**Your instructions:** The entries below are to be copied exactly, with every picture left out.
(Source data Opens)
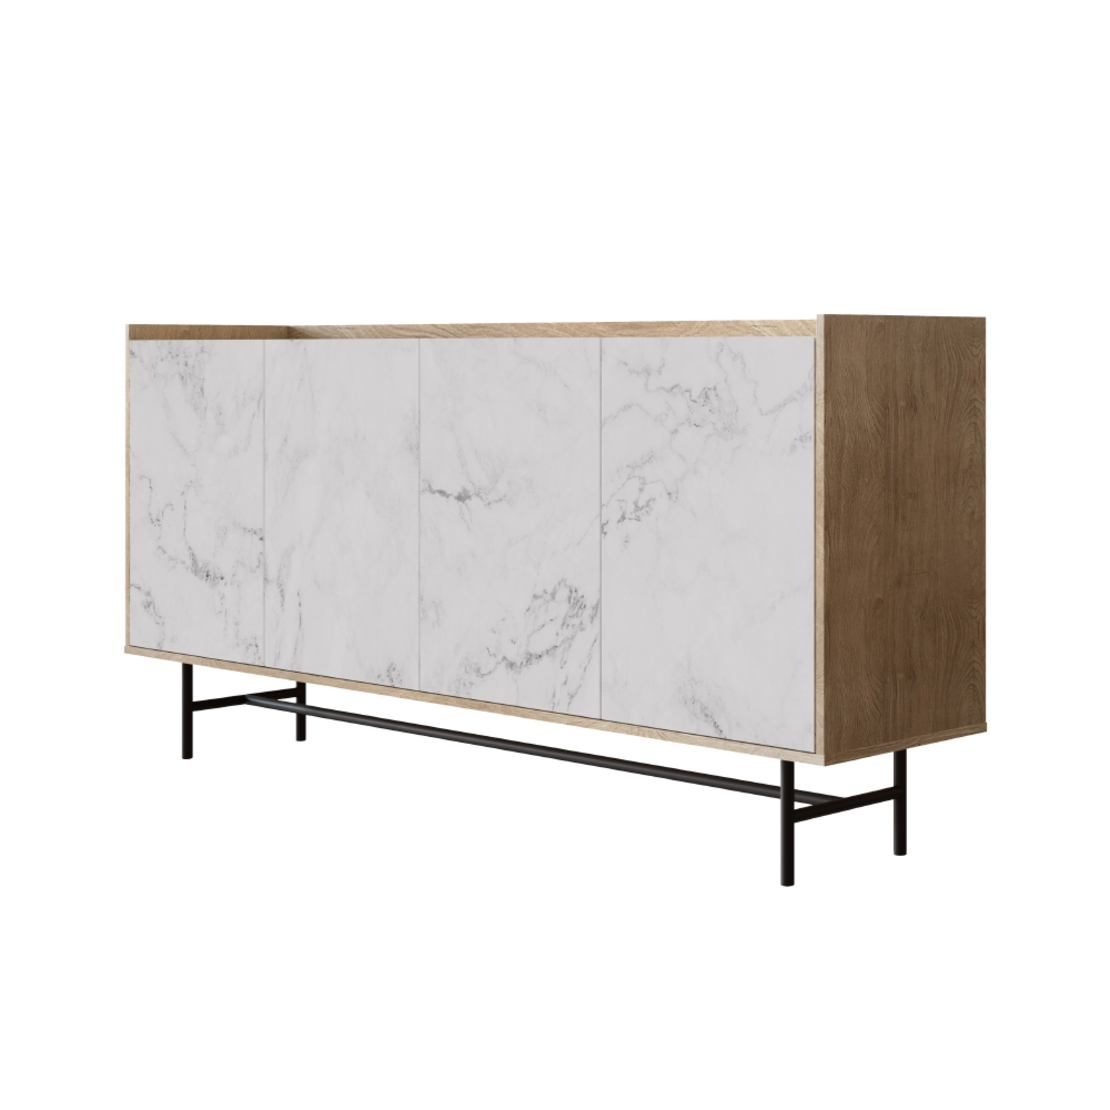 STOCKHOLM SIDEBOARD CHIPBOARD WITH MELAMINE CARTA SONOMA DECAPE WHITE WITH MARBLE PATTERN METAL BLACK 161x39,5xH80cm E1 PRC
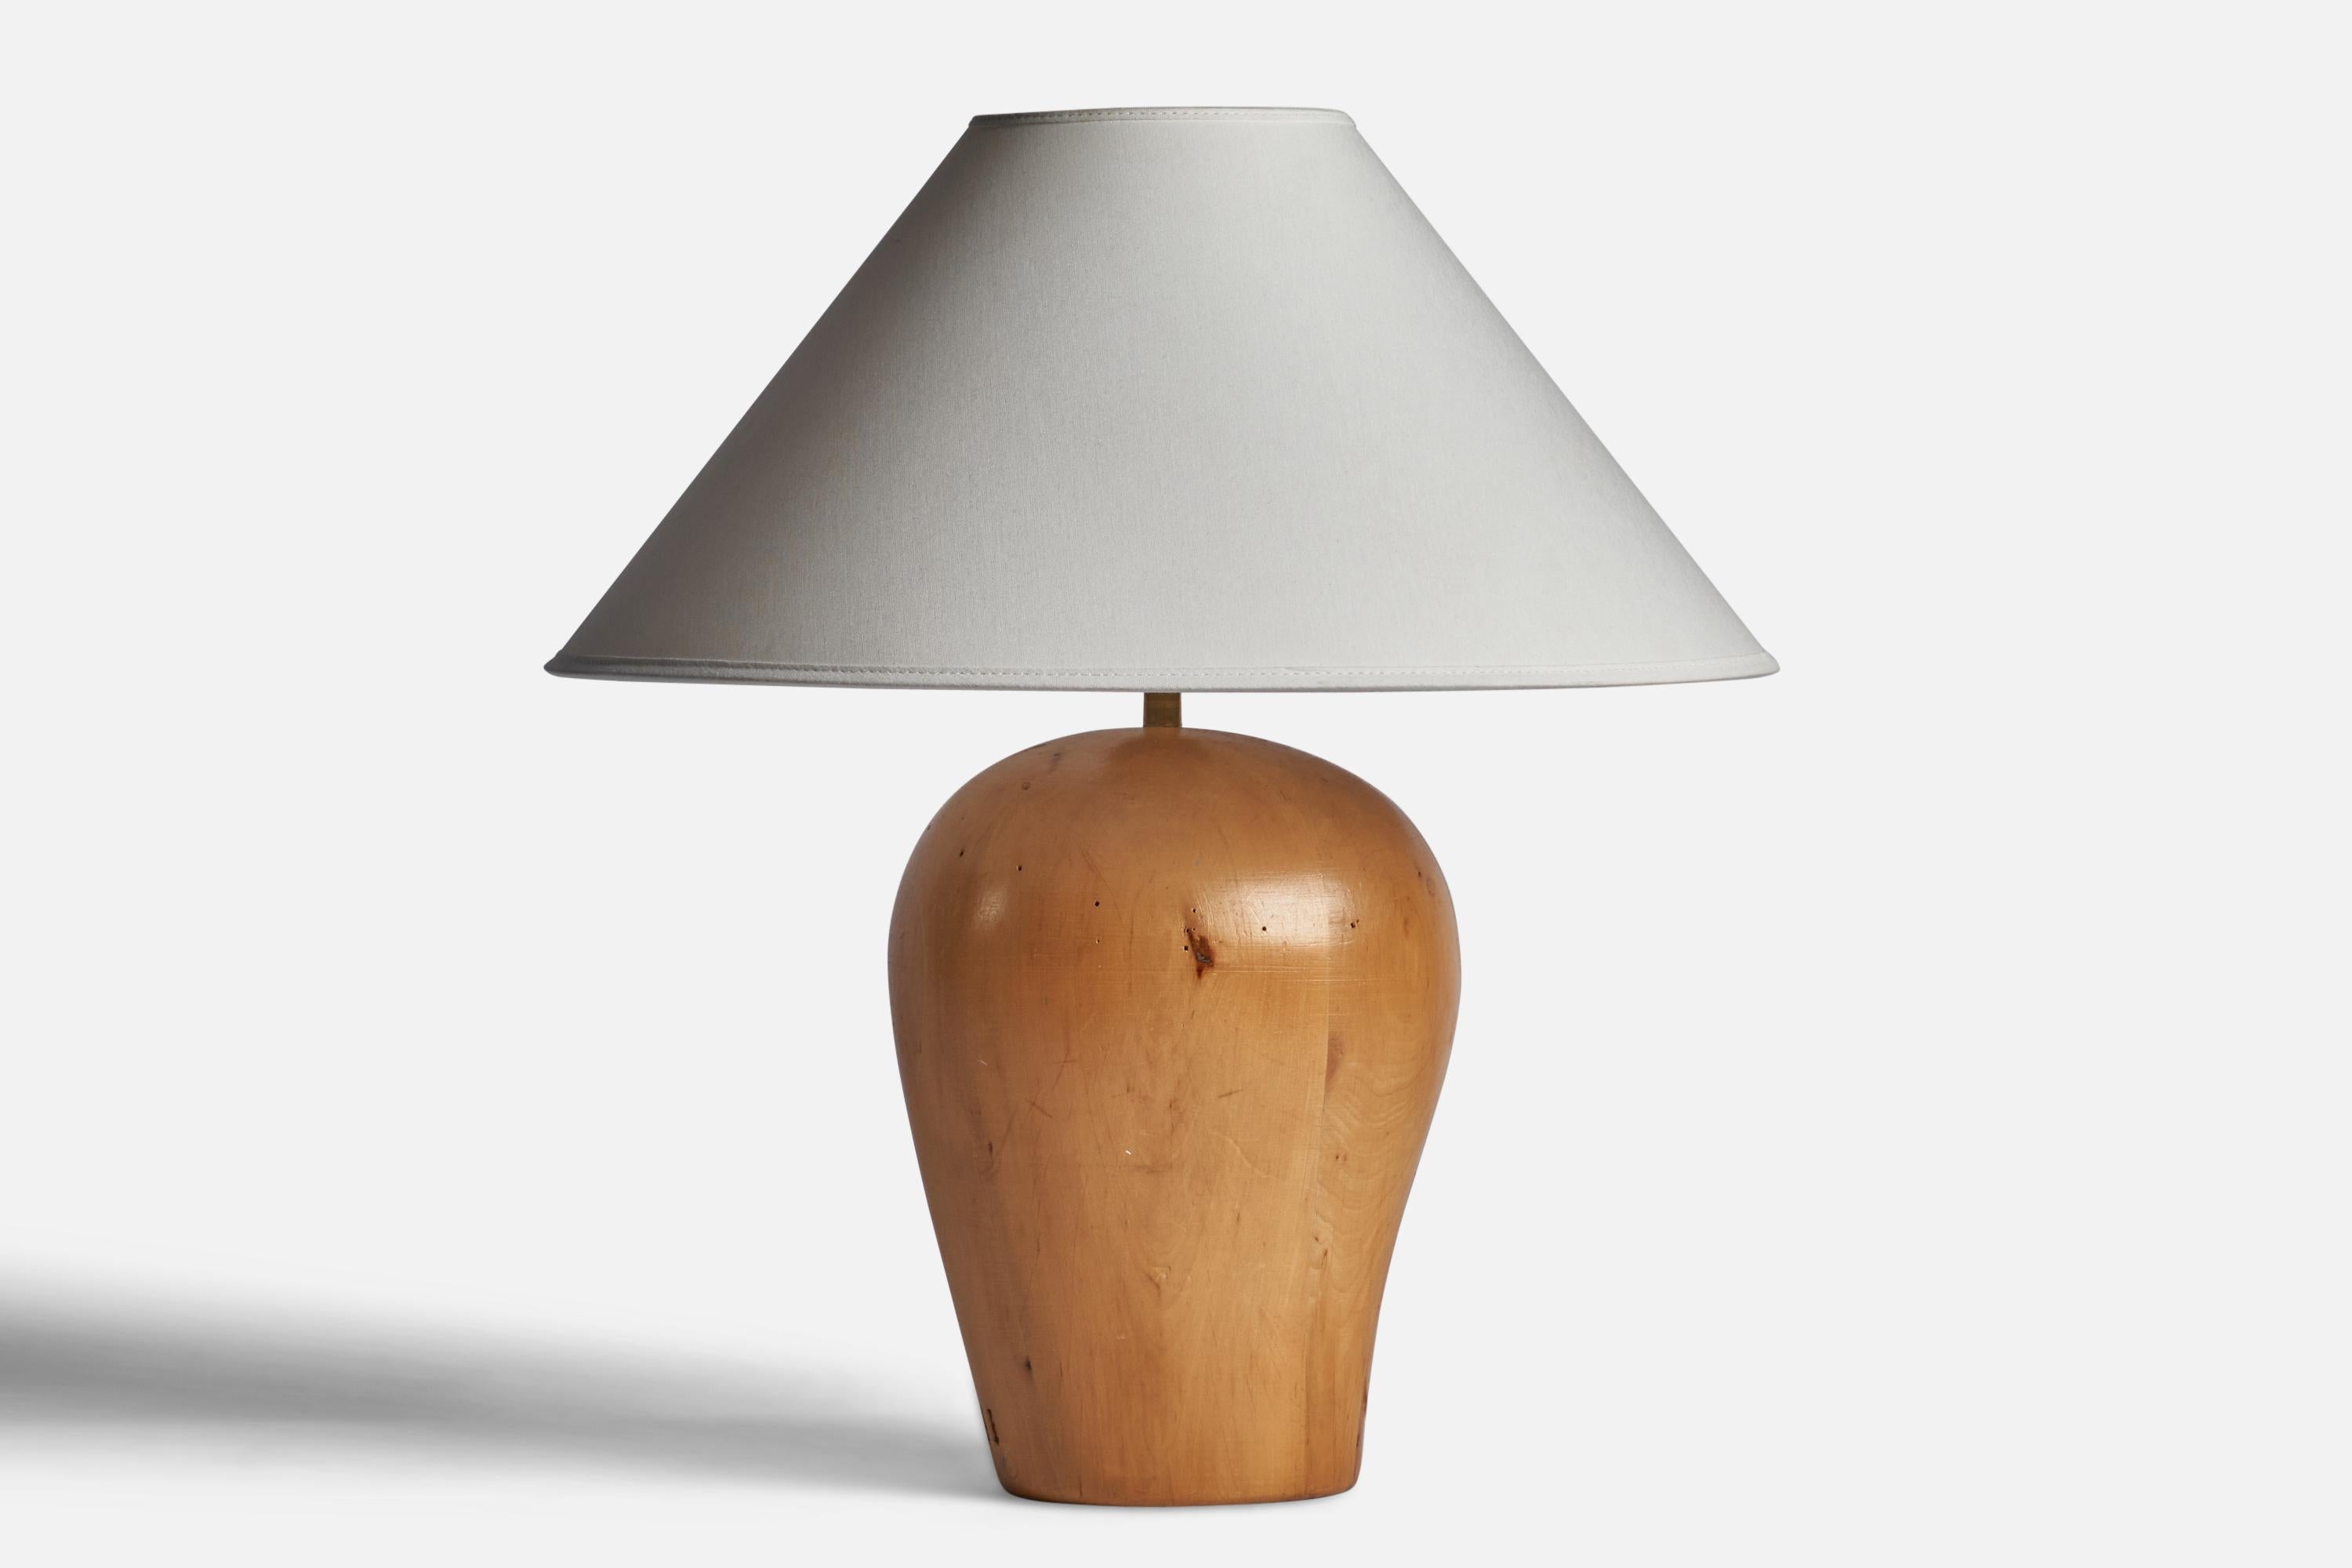 A wood table lamp designed and produced in Sweden, 1940s.

Dimensions of Lamp (inches): 13” H x 7.5” W x 6” D
Dimensions of Shade (inches): 4.5” Top Diameter x 15.75” Bottom Diameter x 9” H
Dimensions of Lamp with Shade (inches): 18.25” H x 15.75”
(Source data Closes)
**Result of the task:**
 STOCKHOLM SIDEBOARD CHIPBOARD WITH MELAMINE CARTA SONOMA DECAPE WHITE WITH MARBLE PATTERN METAL BLACK 161x39,5xH80cm E1 PRC
 A wood table lamp designed and produced in Sweden, 1940s.

Dimensions of Lamp (inches): 13” H x 7.5” W x 6” D
Dimensions of Shade (inches): 4.5” Top Diameter x 15.75” Bottom Diameter x 9” H
Dimensions of Lamp with Shade (inches): 18.25” H x 15.75”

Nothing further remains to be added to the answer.